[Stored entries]
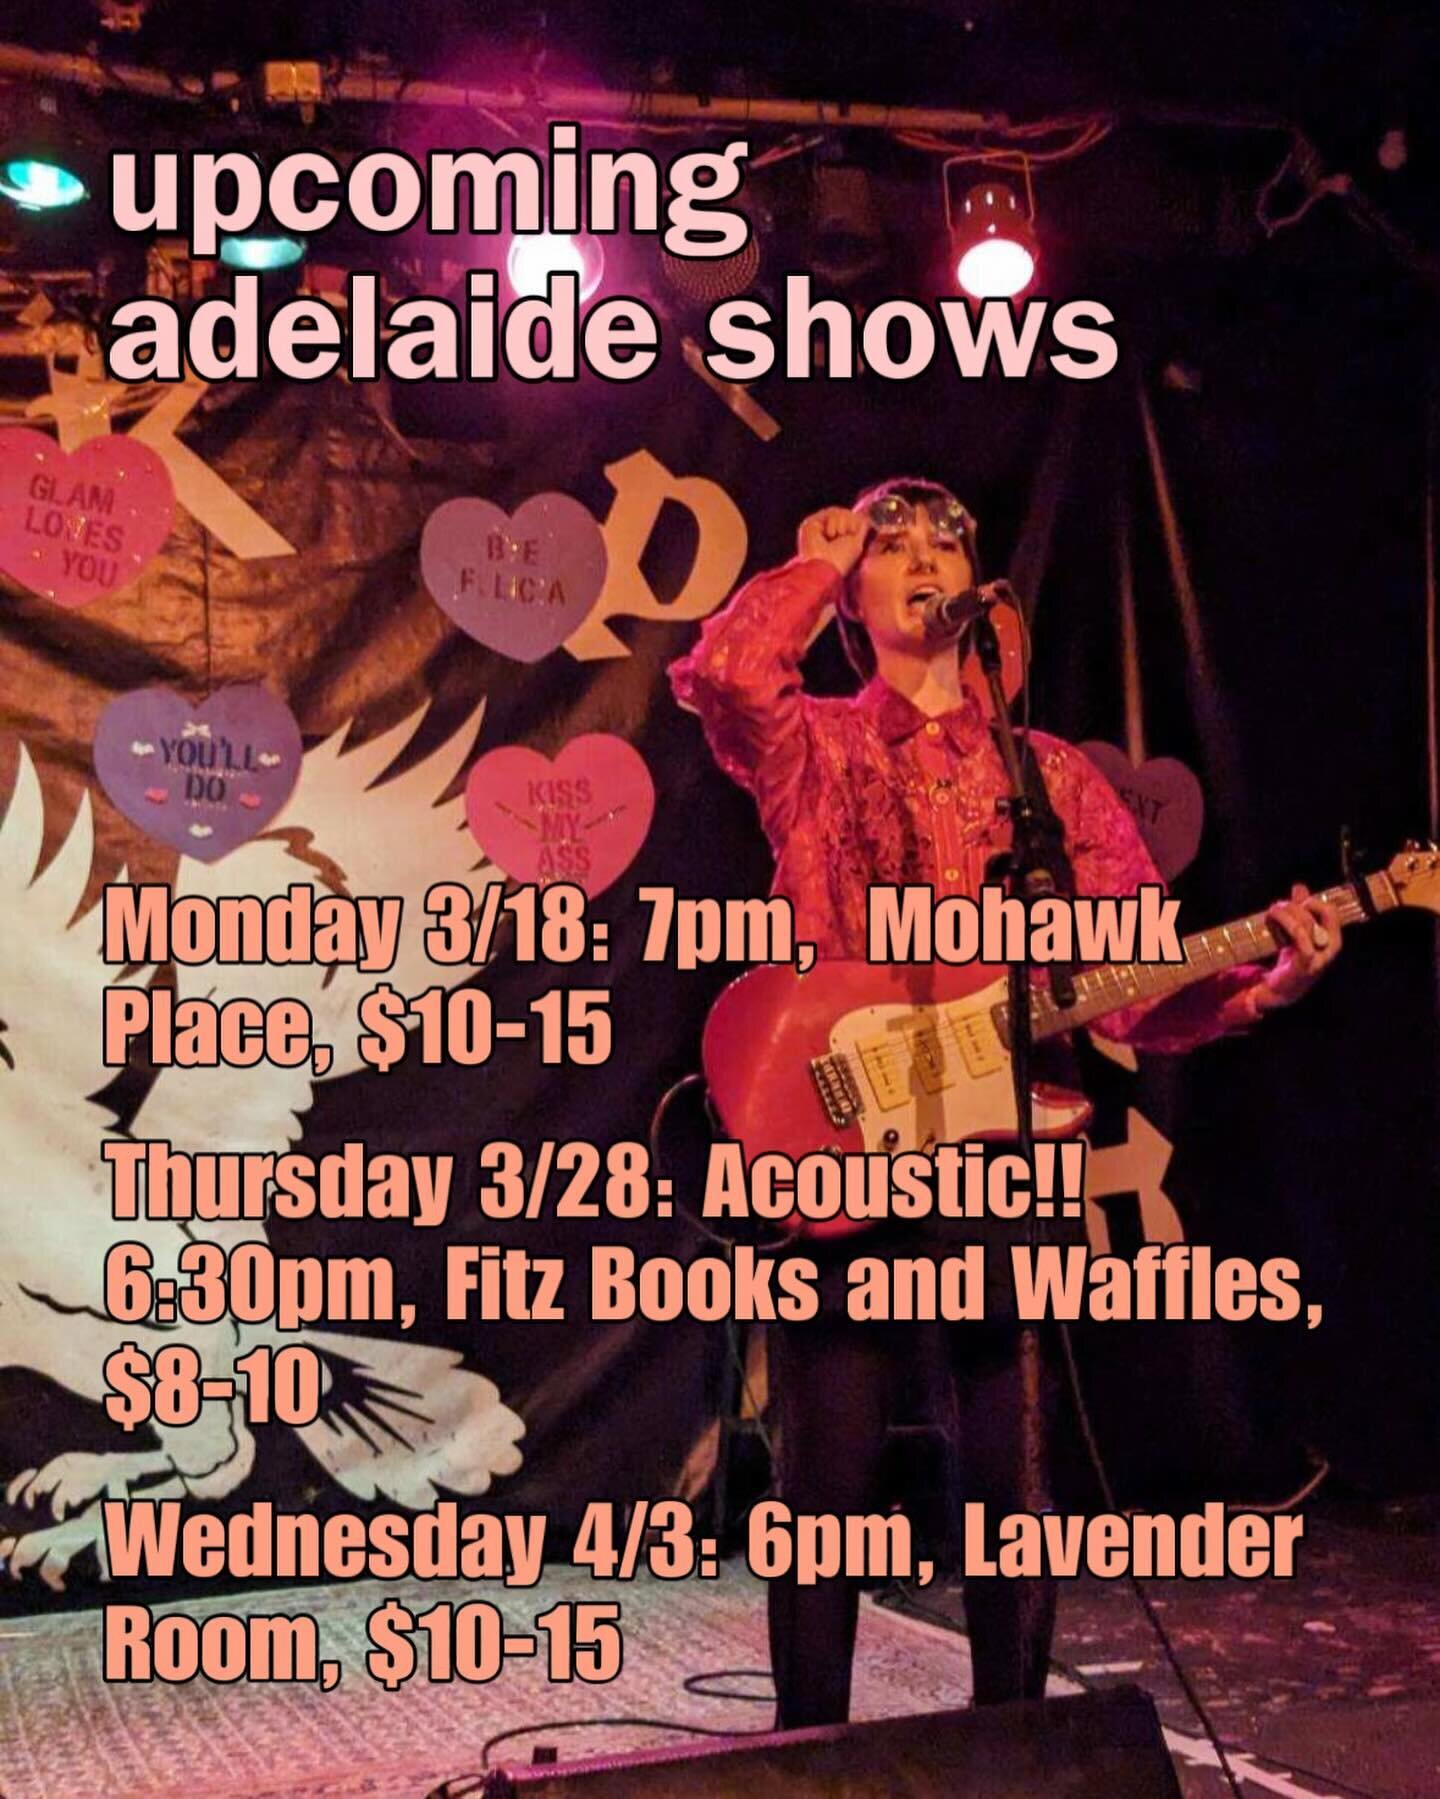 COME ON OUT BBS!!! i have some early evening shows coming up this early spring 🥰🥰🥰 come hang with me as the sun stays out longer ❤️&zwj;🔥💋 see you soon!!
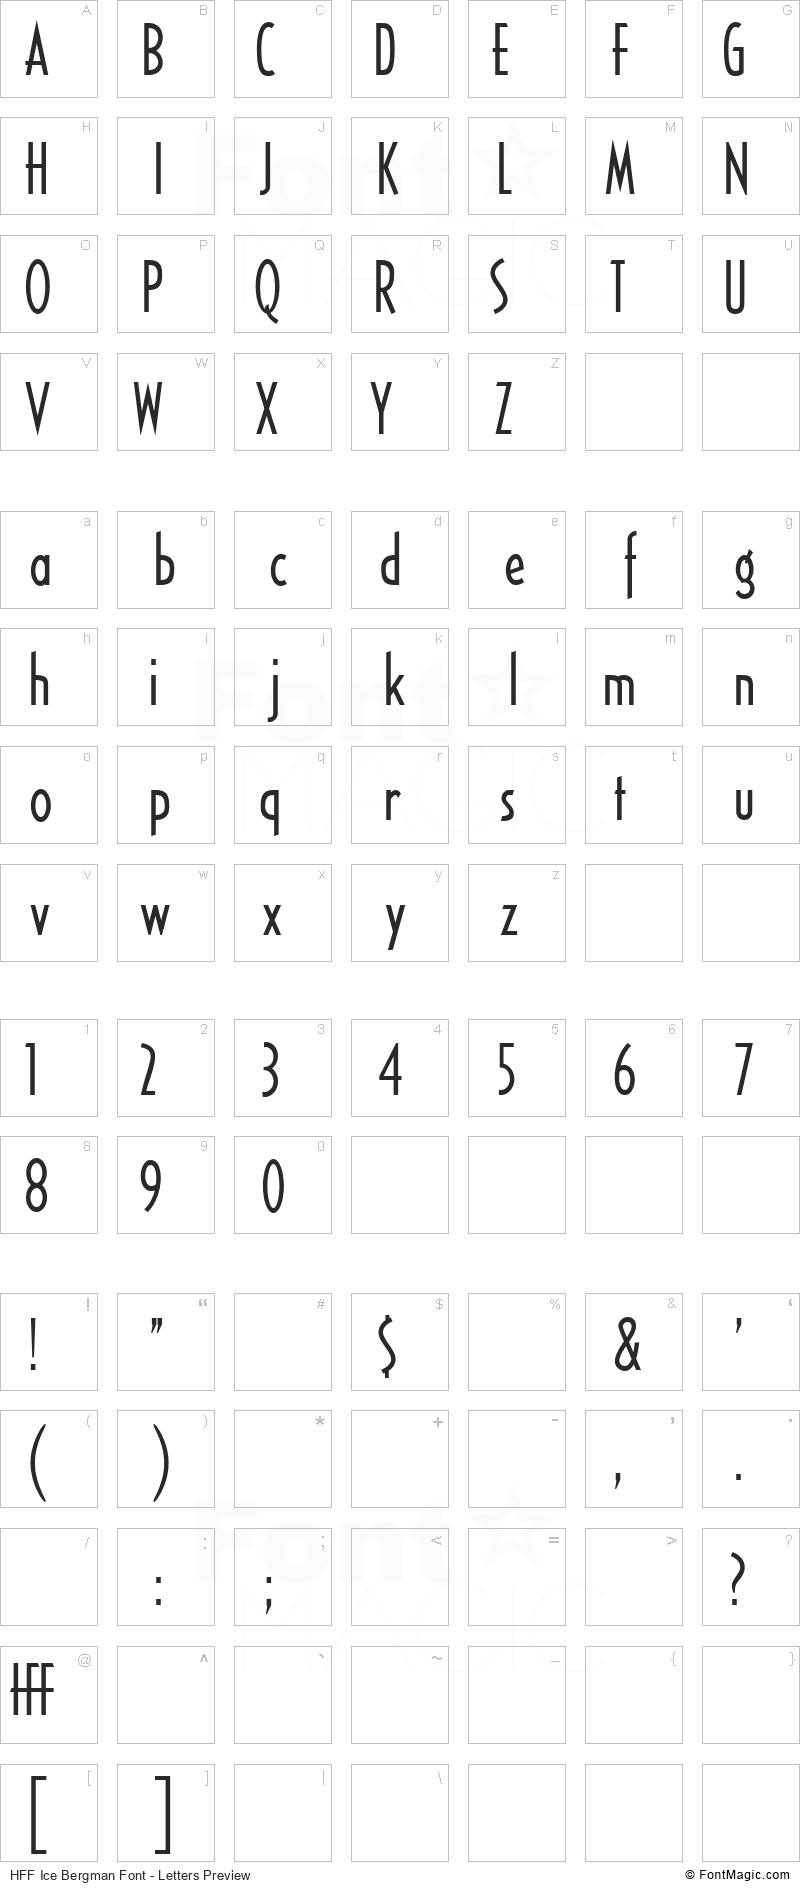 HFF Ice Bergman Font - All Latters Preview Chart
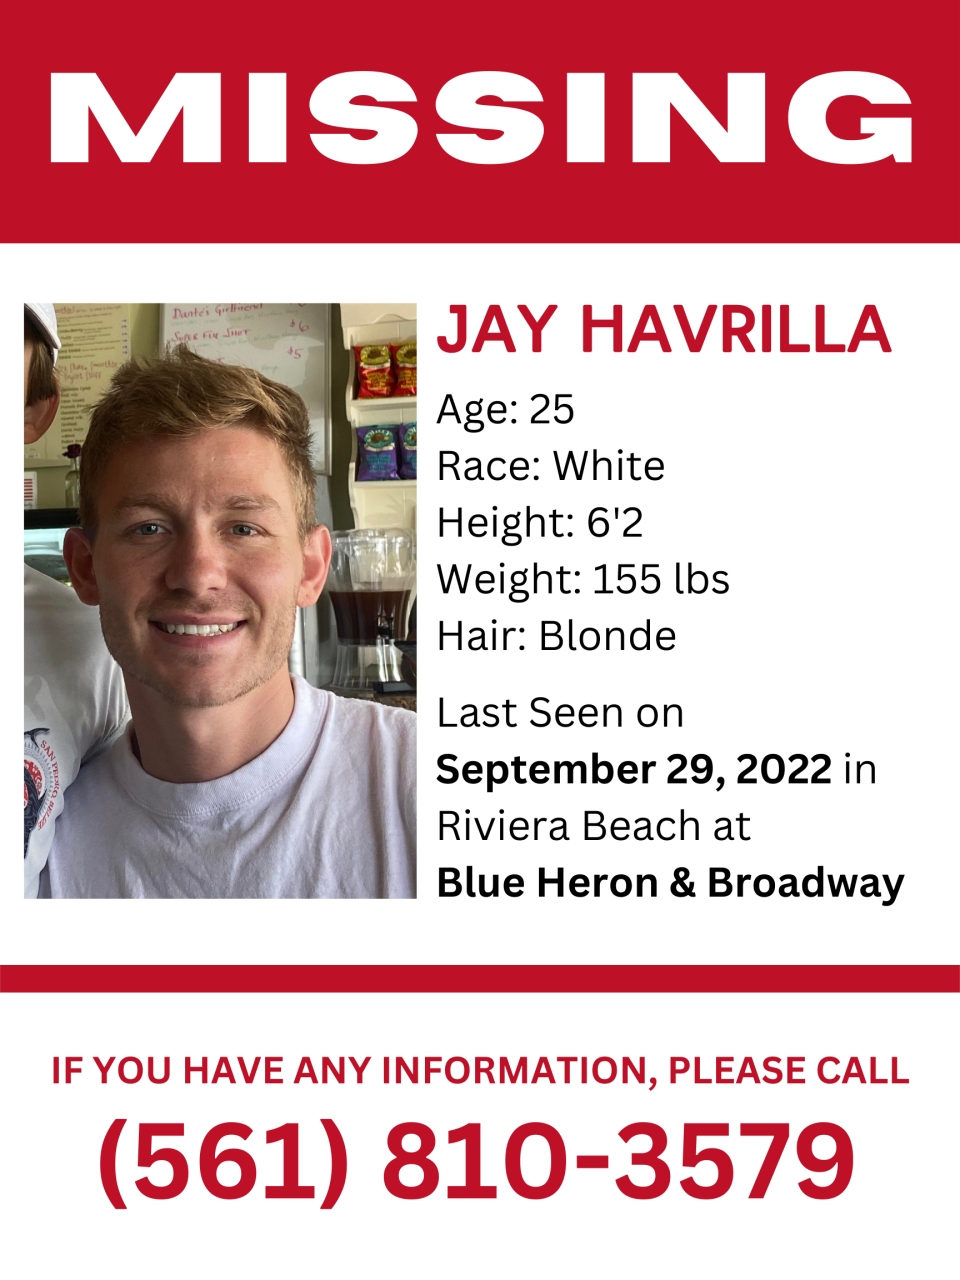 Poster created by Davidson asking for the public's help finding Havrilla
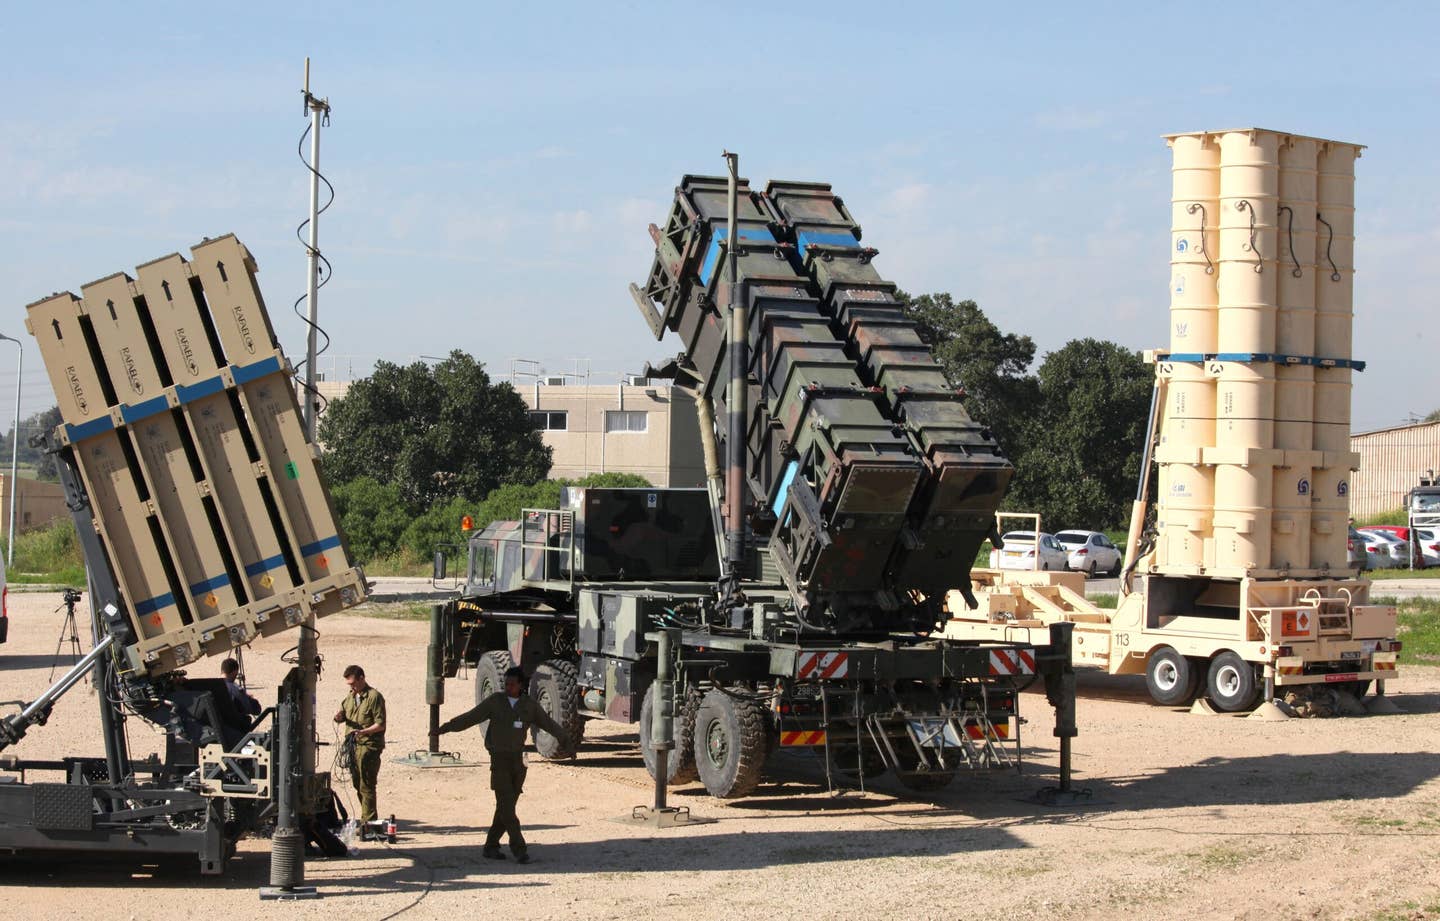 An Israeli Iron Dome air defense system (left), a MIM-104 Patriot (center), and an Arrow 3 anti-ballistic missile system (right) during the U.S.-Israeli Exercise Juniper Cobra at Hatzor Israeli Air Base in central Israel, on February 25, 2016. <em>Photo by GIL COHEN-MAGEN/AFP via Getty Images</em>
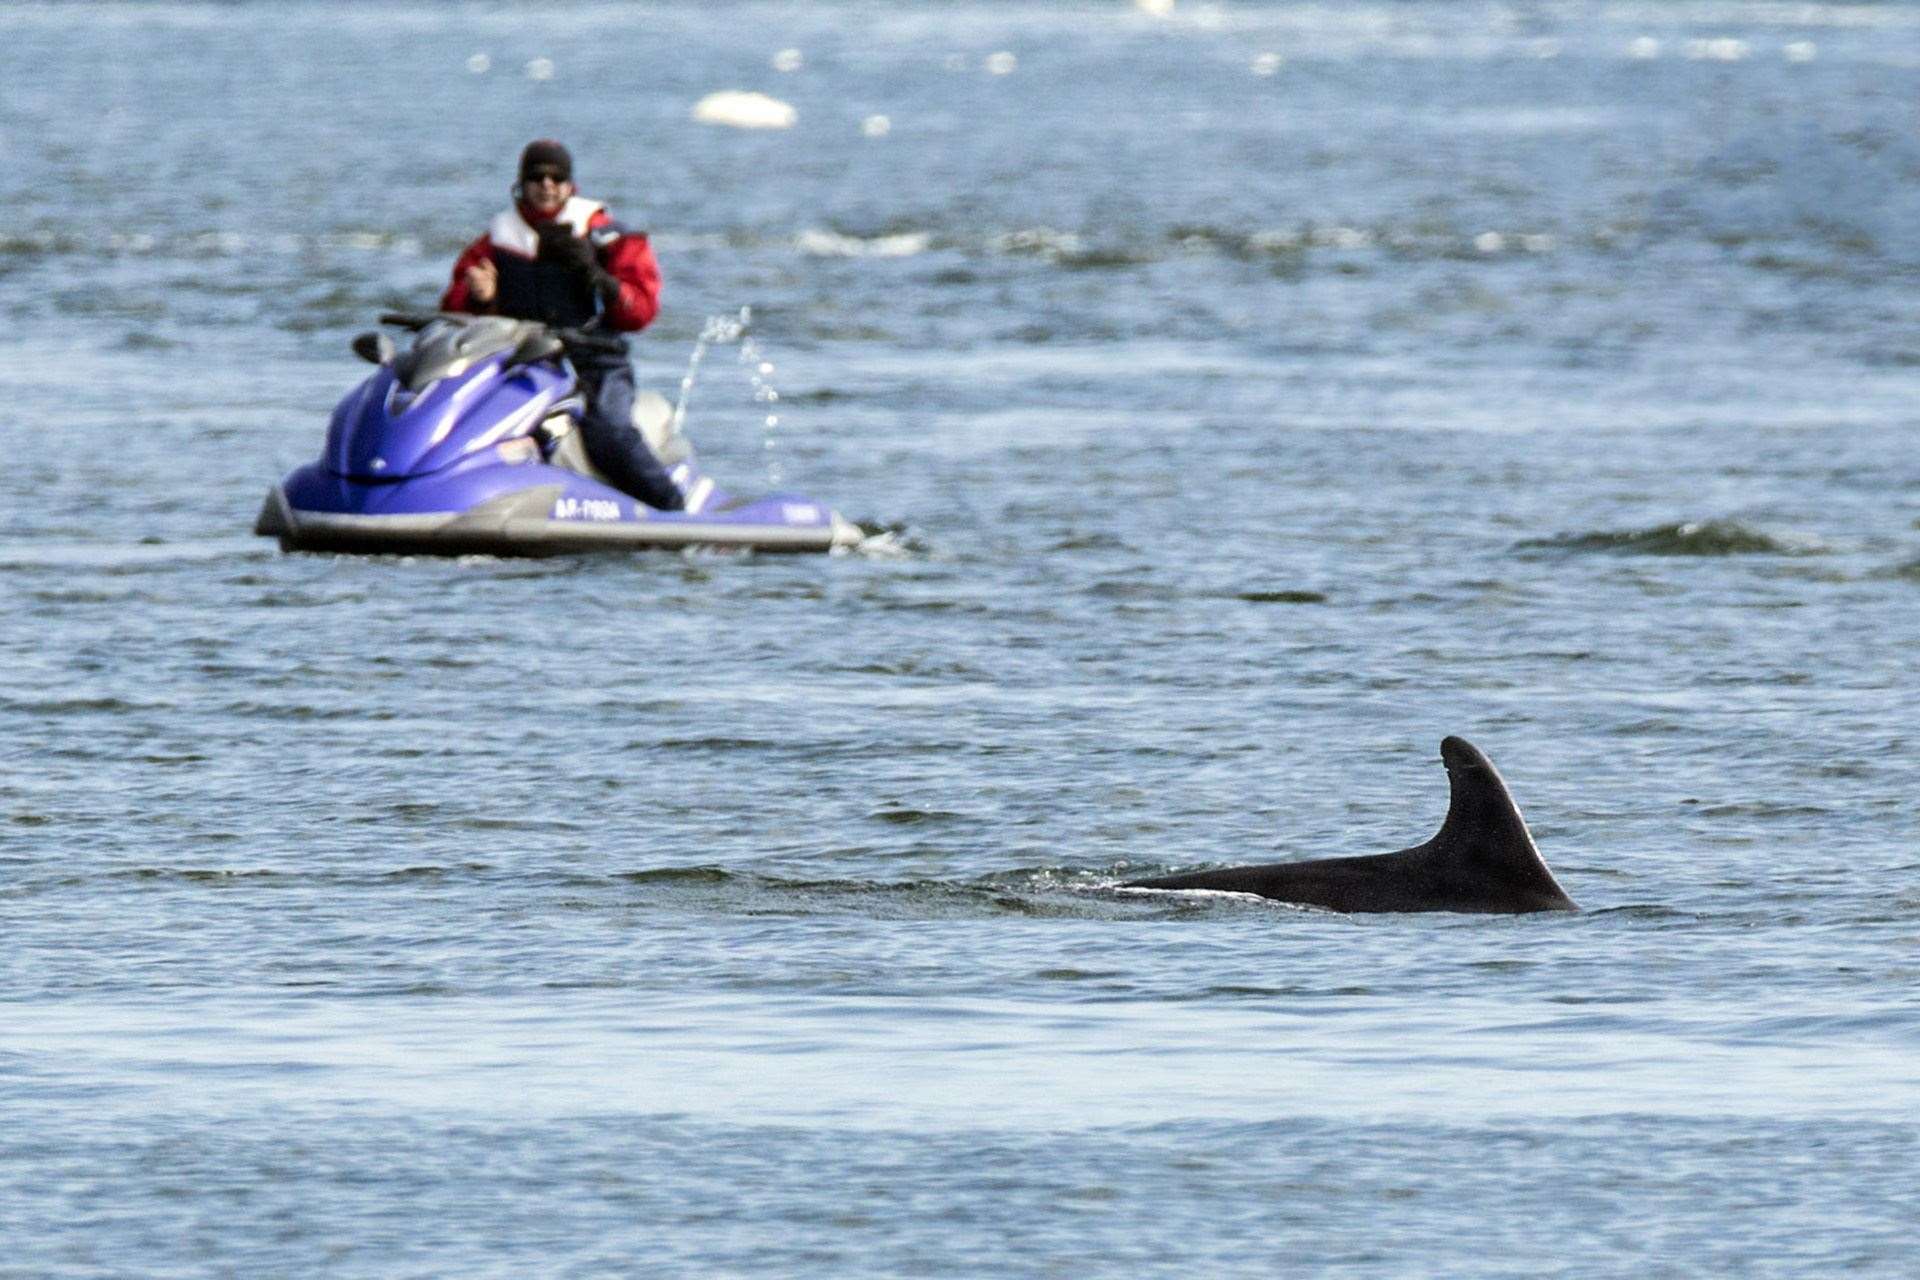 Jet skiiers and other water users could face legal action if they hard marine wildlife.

■ Task description ■
Please repeat the entries above exactly, leaving out any pictures.

■ Exercise result ■
 COME ON OUT BBS!!! i have some early evening shows coming up this early spring 🥰🥰🥰 come hang with me as the sun stays out longer ❤️&zwj;🔥💋 see you soon!!
 HFF Ice Bergman Font - All Latters Preview Chart
 Poster created by Davidson asking for the public's help finding Havrilla
 An Israeli Iron Dome air defense system (left), a MIM-104 Patriot (center), and an Arrow 3 anti-ballistic missile system (right) during the U.S.-Israeli Exercise Juniper Cobra at Hatzor Israeli Air Base in central Israel, on February 25, 2016. <em>Photo by GIL COHEN-MAGEN/AFP via Getty Images</em>
 Jet skiiers and other water users could face legal action if they hard marine wildlife.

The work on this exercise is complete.